Customer Experience News & Trends

Rebranding: What were they thinking?

Recently, there’s been a small wave of companies rebranding themselves by using their acronyms. Here’s a look at the good, the bad, and the stupid in rebranding.

The good

National Public Radio wants to be called NPR because the media company isn’t just about radio anymore. It has other means of distributing programming and information, such as its website.

The YMCA, originally the Young Men’s Christian Association, now wants to be known as simply “The Y.”

In both of those cases, the moves may be smart because people already say “NPR” and “The Y.”

The bad

When British Petroleum bought the American Oil Company, it changed most Amoco gasoline stations in the U.S. to the BP brand.

The company said BP now stood for “beyond petroleum.” After the oil gusher in the Gulf of Mexico, some said it stood for “burning the planet” or “billionaires playing.”

Now, some BP retailers want the company to go back to using Amoco in the U.S. to distance their gas stations from the oil disaster.

The ugly

The Wisconsin Tourism Federation actually used its acronym, “WTF,” in its logo.
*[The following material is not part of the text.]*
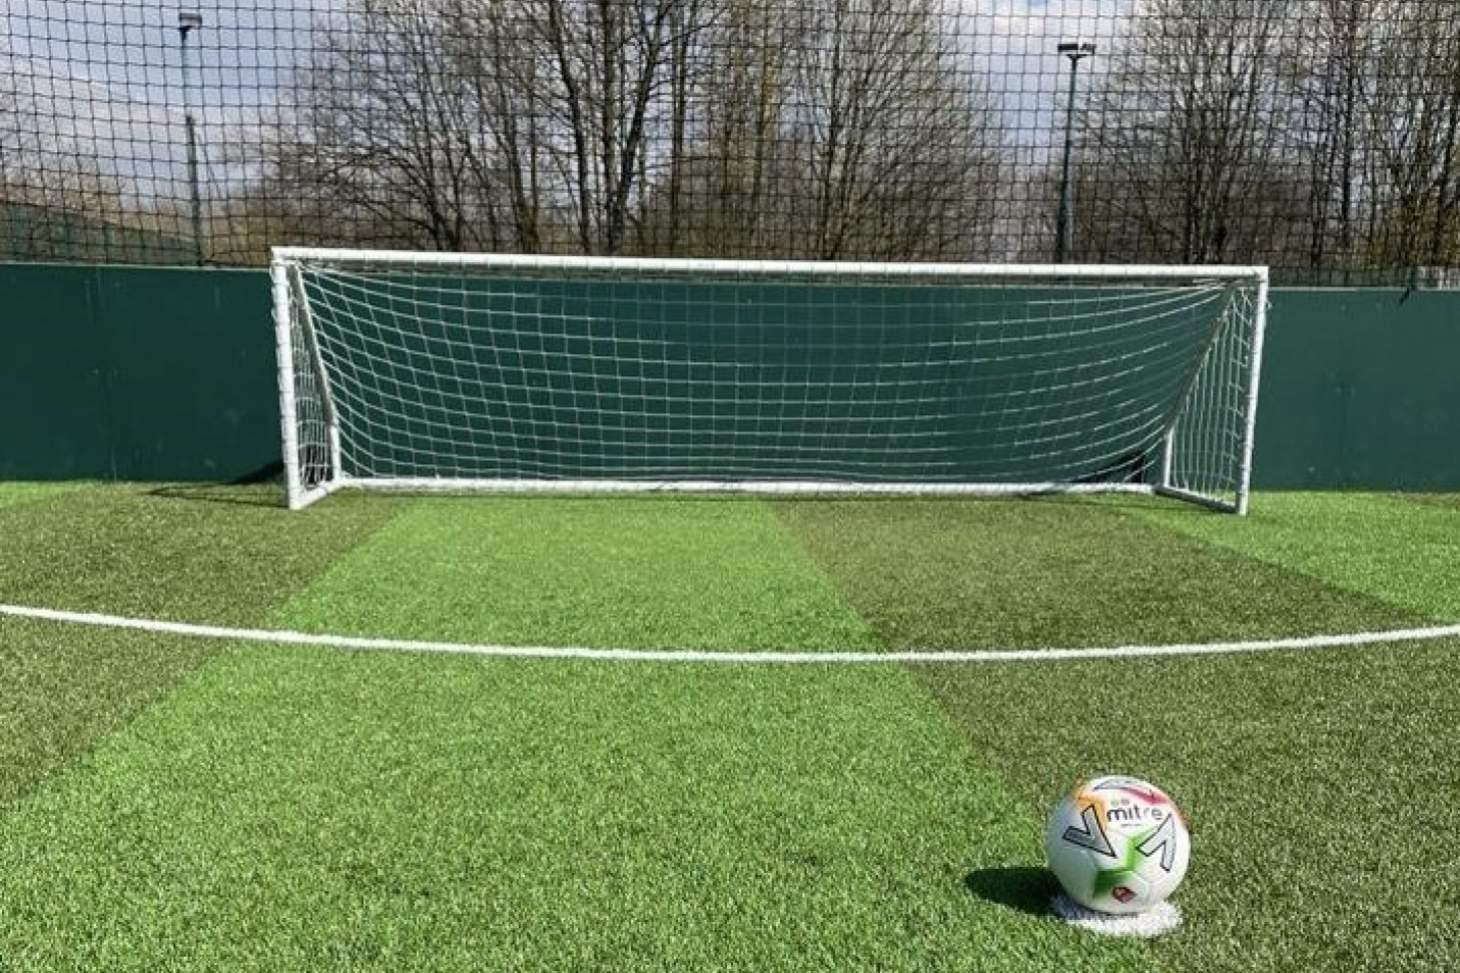 Powerleague Bolton 5 a side | 3G Astroturf football pitch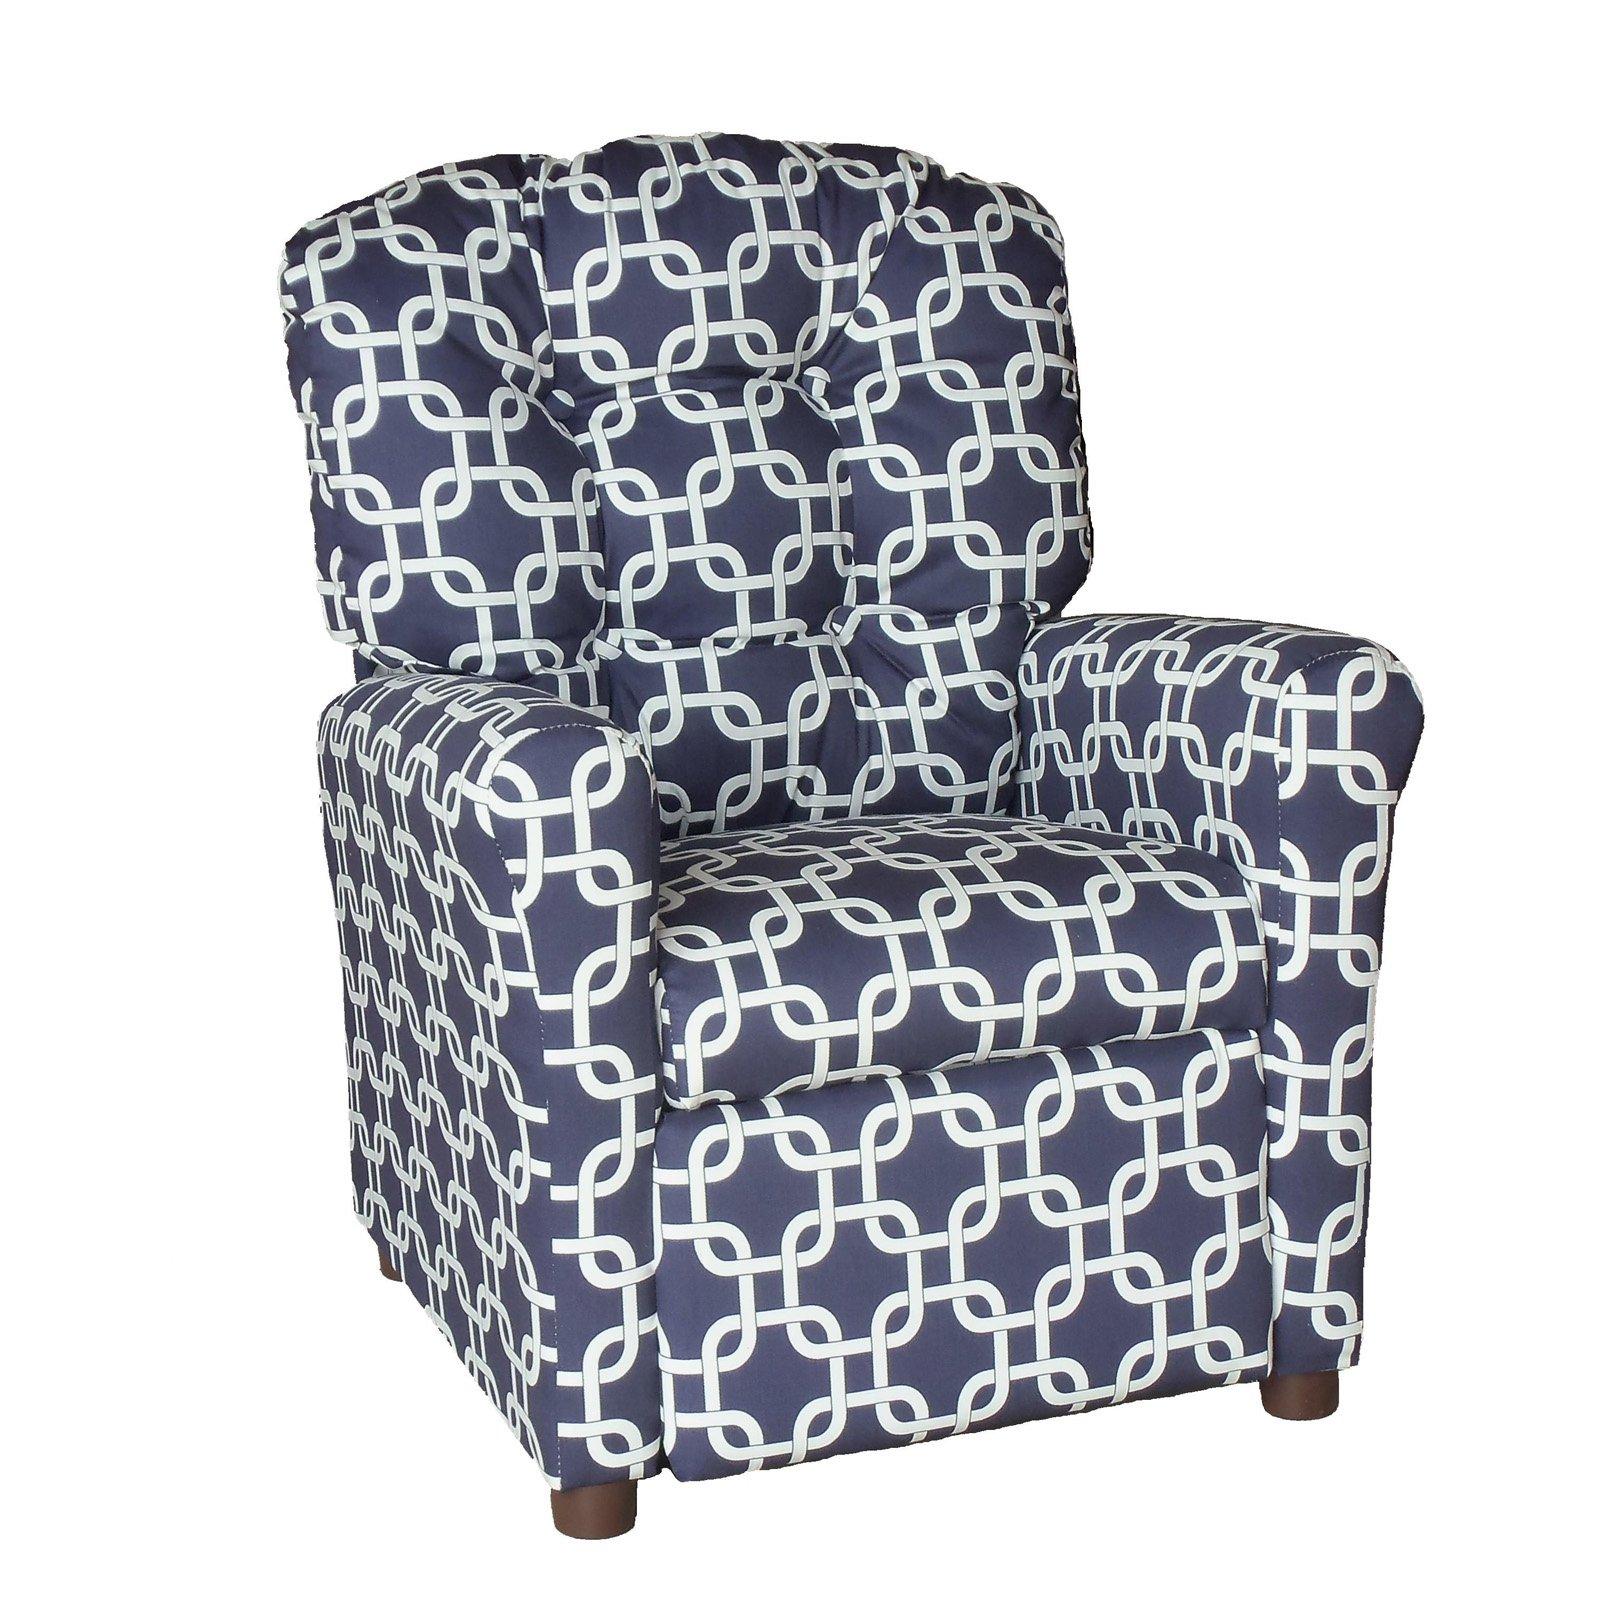 Brazil Furniture 4-Button Back Childrens Recliner - Gotcha Pattern

After the jokes started, not only did the Federation dump its acronym, it changed its entire name to The Tourism Federation of Wisconsin, also known as “TFW.”

A Harvard Business Review (aka HBR) article suggests some questions to consider when rebranding:

  • Could rebranding help distance the company from a tainted brand?
  • Do customers already use the initials?
  • Could the acronym we’re considering embarrass us?